O'Neill was on the last stop of a four-nation, 12-day fact-finding tour of sub-Saharan Africa.

"For problem-solving purposes," he said, "it's very important to know what's possible, especially for government leaders to have expectations that are within the realm of possibility but at the very upper end of what human potential is."

He also said he doesn't believe people achieve their desired goals because of government, or "because a government was able to figure out how to organize the market and set prices. ... In fact, I think all of the evidence is to the contrary."

A reporter had asked whether the American model of capitalization focusing on free markets was the right one for development in Africa. O'Neill said: "I think that places that succeed greatly ... [do so] because people succeed greatly, one at a time. It doesn't mean they do it independent of other people, but with their own energy and liberation through education, people succeed and they succeed by making enterprise."

He added: "Having said that, [I don't mean to say] that there can be an equivalent light bulb switch being turned to go from where some countries are to a model like the United States.
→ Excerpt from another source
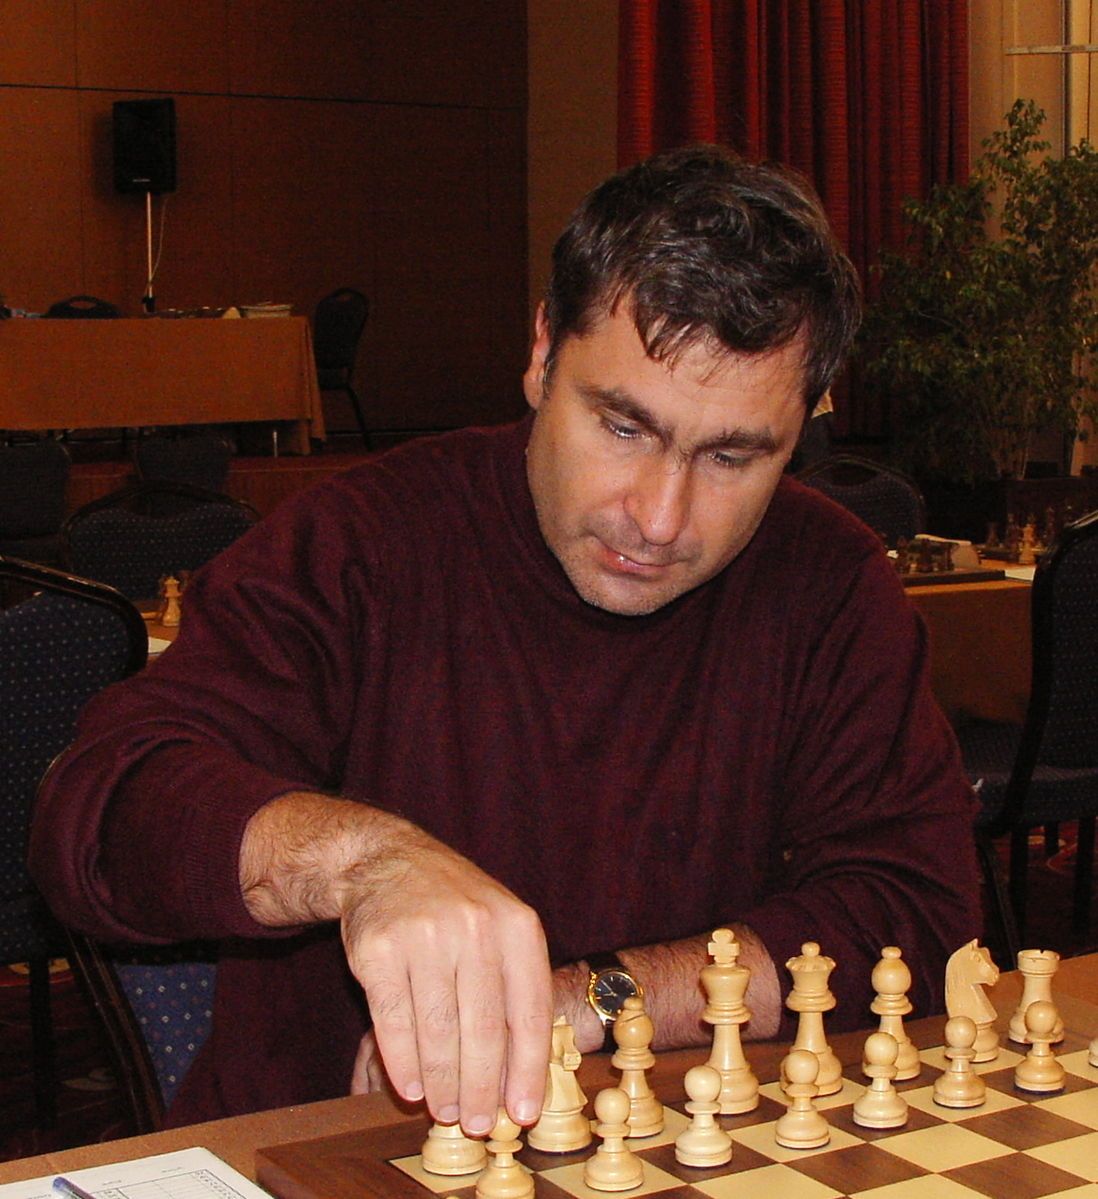 Did you know? Vasyl Ivanchuk is not the player's real name - it's a  nickname given to him after his brilliant move against Garry Chess :  r/AnarchyChess

"We have to be very careful in what we do in the United States not to be cavalier in saying, 'Just be like us and everything will be okay.' That's obviously not the case."

He cited examples from his current tour. One was "a thousand dollars to protect a natural spring so it could be a source of clean water" for villagers. He said the people were at first afraid of efforts to purify their water because they believed it "was overseen by a snake and that if they messed around with the water and tried to provide a concrete still basin for it, the snake would take the water away."

He said the lesson he drew from this was that economic development takes place in the real world as it exists in people's minds with whatever learning and experience they have, and "it's pretty easy to sweep it away and say, 'We don't pay attention to those kinds of things.'

In his experience, O'Neill said, he has "never found companies or countries that exceed their expectations. So it's important to have the highest of expectations but to couple those expectations with the reality of what is, ... then to have leadership with the skills to understand the pathways of what is to what can be.

"All of the individual people of Africa have the God-given human potential to succeed greatly," he said, adding that doubters should come to Africa "and see the wonderful examples of human initiative, of stretching to have a meaningful life."

Asked about the administration's recent passage of farm subsidies, which African governments say "don't help," O'Neill pointed skeptics "to AGOA [African Growth and Opportunity Act], which is a U.S. initiative that was put in place over a year ago to specifically open U.S. markets to what I believe is 1,800 African products. It's a preferential opening for Africa, and I think we've already witnessed a huge increase in products from Africa coming to the United States."

He said this proves that the United States "is showing its good will and its open-market attitude toward Africa ... and, more specifically, to products of Africa. But it's not the only initiative. The president has been pressing hard to work with the Congress to enact so-called trade promotion authority so that we can do more.

"At the most fundamental level, the president and I believe [that] in an ideal world there are no trade and tariff barriers. ... And so in the longer term, that's the direction we want to be headed.

"As we look at Africa, we note that one of the things that's true between and among the countries of Africa is that the trade and tariff barriers between the countries of Africa are high and represent significant barriers to internal development."

The markets near to one another in Africa, he said, have the lowest transportation costs, "and therefore a significant opportunity for economic development enhancement if these barriers could be taken down."